On the 11th April we celebrated a year of the Brixton Project. A year that has been full of learning, prayer, patience, opportunity, growth, and frustration.

Frustration.

Frustration is not easy to write about, and I feel that it is a familiar and persistent feature of youth work, community work and peacemaking.

Since we moved onto the estate, two young people have been murdered - one just off the estate a hit and run, the other a shooting after an altercation between to two friends. These tragic events have caused hurt and pain in the community and frustration and sadness for the team.

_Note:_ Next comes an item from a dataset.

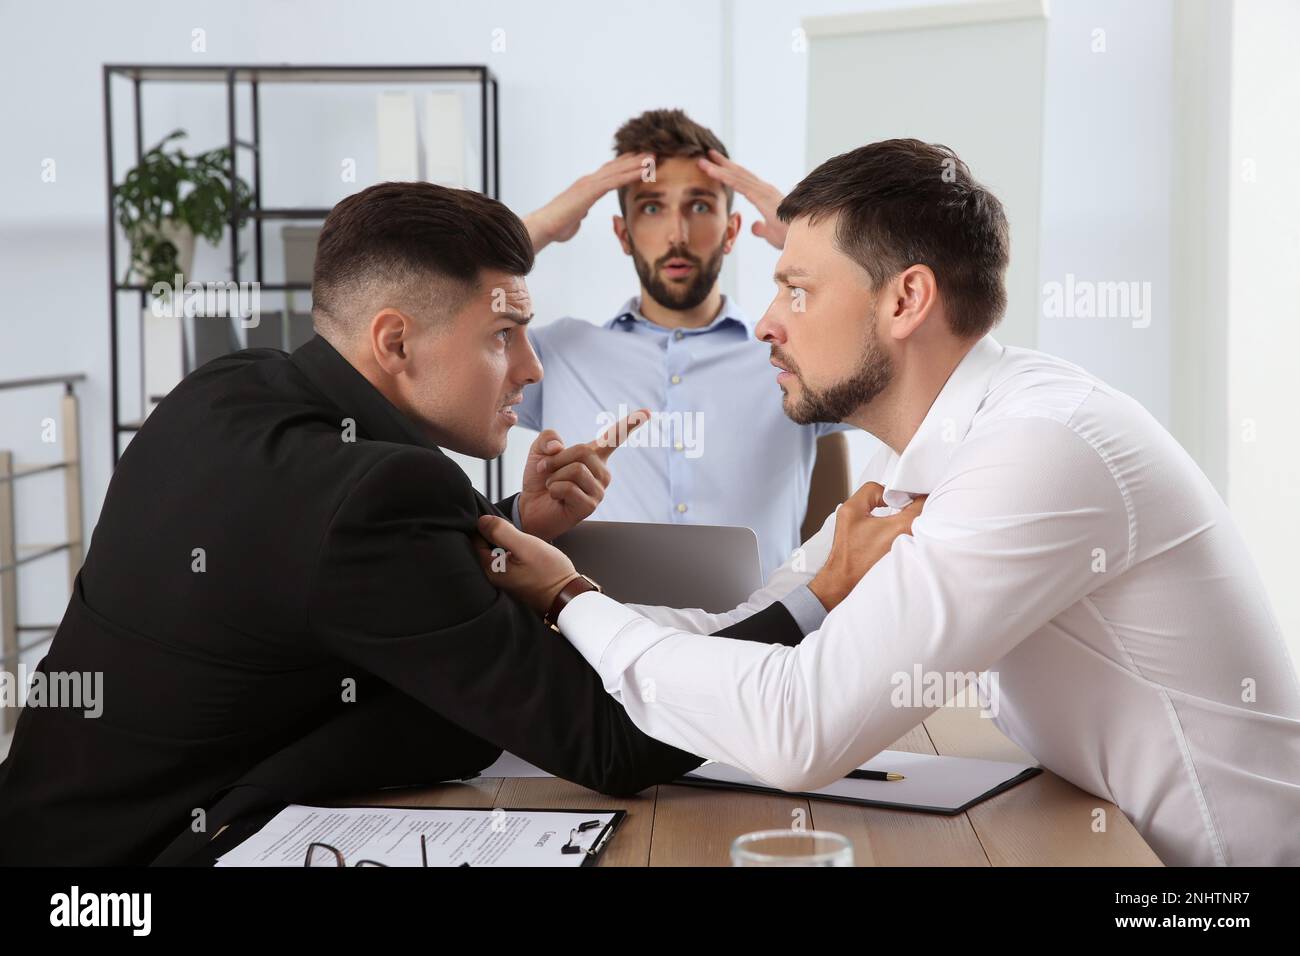 Emotional colleagues fighting in office. Workplace conflict Stock Photo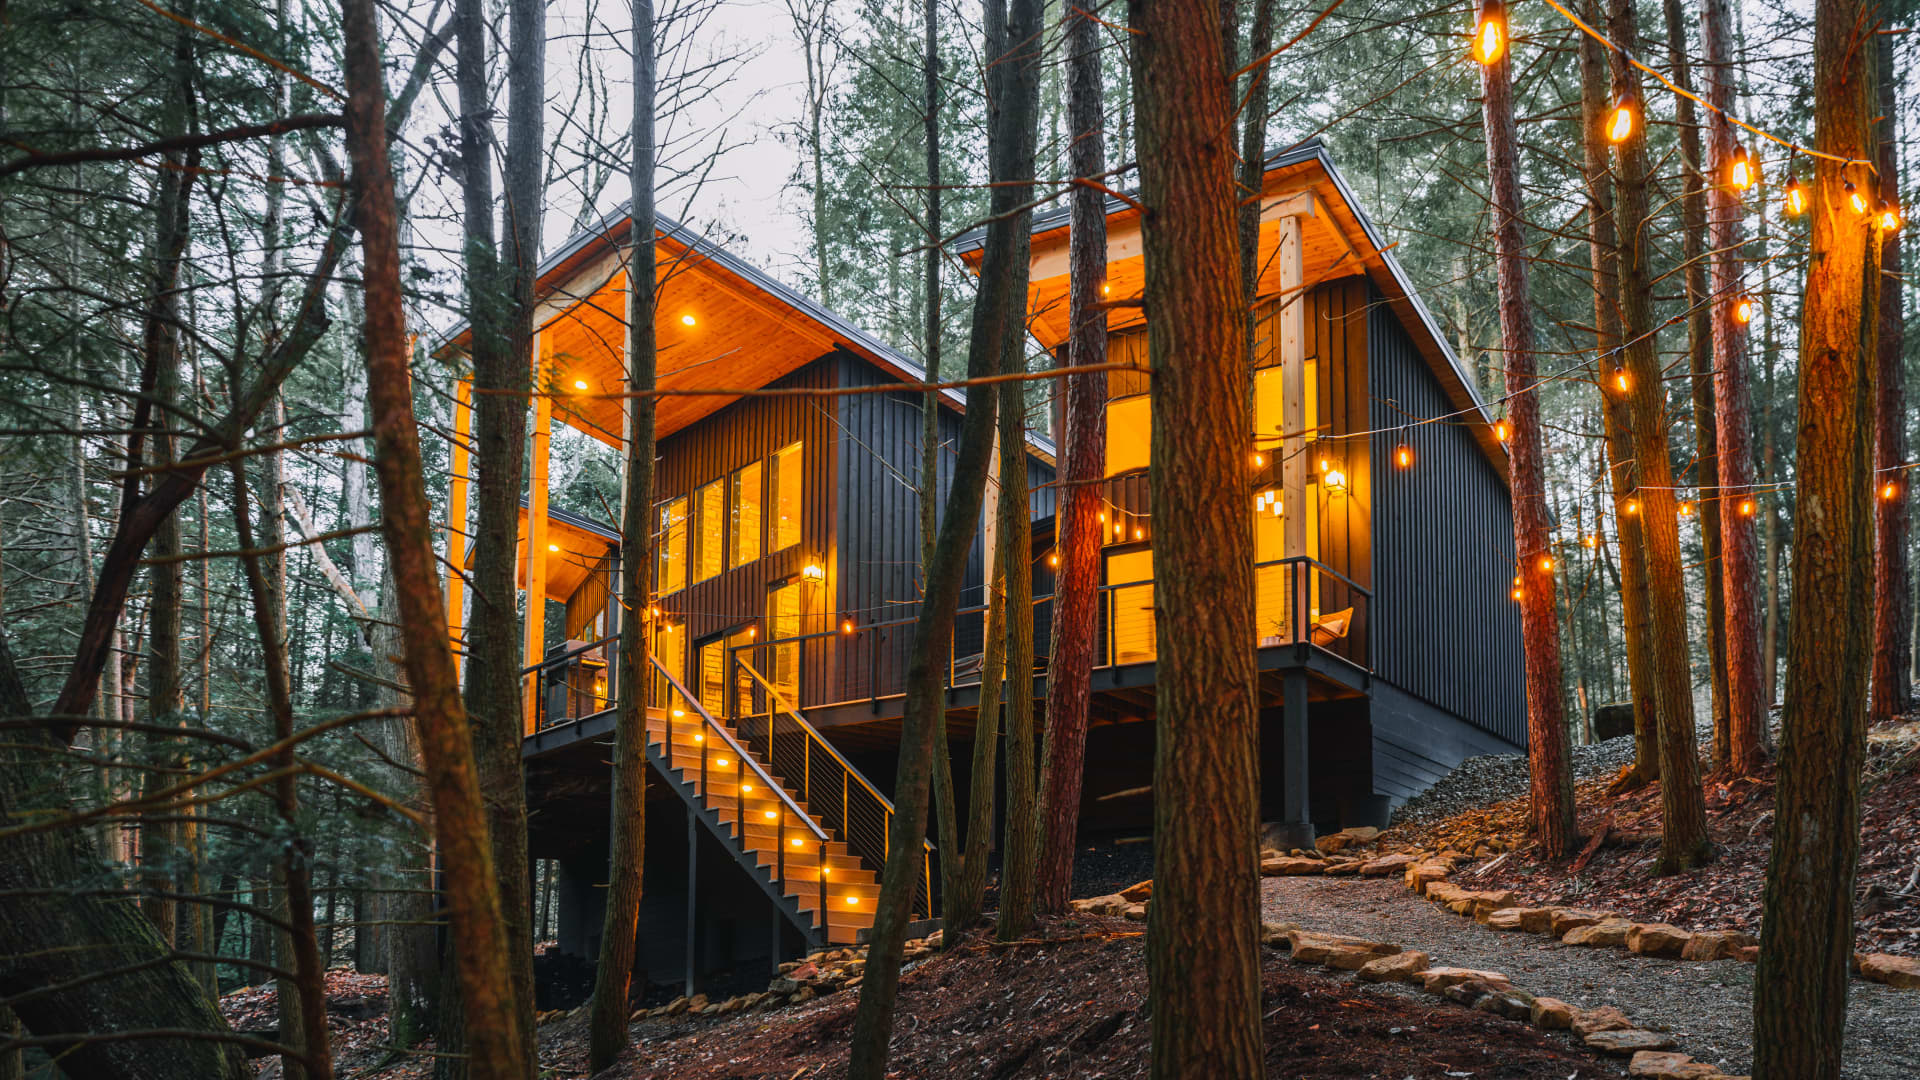 This Ohio cabin was just named one of the top 10 vacation rentals in the world—check it out

Yet, other than these tragic incidents there had been little violence, that we knew of. There had been isolated incidents that were not life threatening, and nor did they seem to be a part of an ongoing conflict between different groups of young people. Whilst other areas of London had summer violence, Angell Town and Brixton seemed oddly quiet. This was cause for celebration, but also question. There were moments where I wondered if other projects, with different visions and missions, would be better suited to Angell Town.

These moments have revealed a naivety and a continued need to learn and connect with young people.

The past few weeks have seen a huge increase of youth violence with 13 stabbings and a shooting on Angell Town estate. Leaving some young people in critical conditions, some of whom will have life changing injuries.

The shooting took place 60 meters from my desk. 60 meters. Our office, the home of CHIPS and a centre of prayer, thought, and practice for peacemaking.

The first I heard about the shooting was first thing on Friday morning. It appeared at the top of my Facebook feed. I spent the rest of the day, and the weekend, feeling a mixture of frustration, despair, and like I needed to be doing more.

I had an overwhelming feeling of inadequacy. A feeling that took the shape of a voice that said I am not qualified enough, or good enough at my job, to speak into situations of such pain, shock and grief that is affecting the individuals, young people, and the community more widely.   

There is a real tension that I, and the team, experience in our approach to peacemaking. We are committed to long term change, and this is based on foundational belief that long term commitment and long term planning is the most meaningful and effective approach to peacemaking. Yet, that does not alleviate the desire to impact immediate change. To try and discover a magic cure-all that simply does not exist.

I have spent some time discussing my response with several colleagues in the area. As much as I might hope that there is a project to be done that will fix youth violence, it simply does not exist. All that remains is to be like christ, to be. To journey with the community, to feel the grief, to lament the violence and the loss. To embrace frustration and vulnerability.

Frustration. It exists because we have a vision for a different world. I feel frustrated because I believe that there can be peace. Because I know there is not a short-term solution. Because I have hope. Frustration drives me forwards in pursuit of that hope.

So I lament the violence of the past few weeks, I abhor the pain and suffering that it inflicts upon both victim and perpetrator, and their wider communities. But I embrace that frustration and use it to drive me forwards in my commitment to a Christ-centred long term approach. I am journeying with this community, this team, and this vision in the knowledge that I cannot do it alone, that it will not be quick and easy, but most importantly, in the knowledge that God’s peace in this place, will come.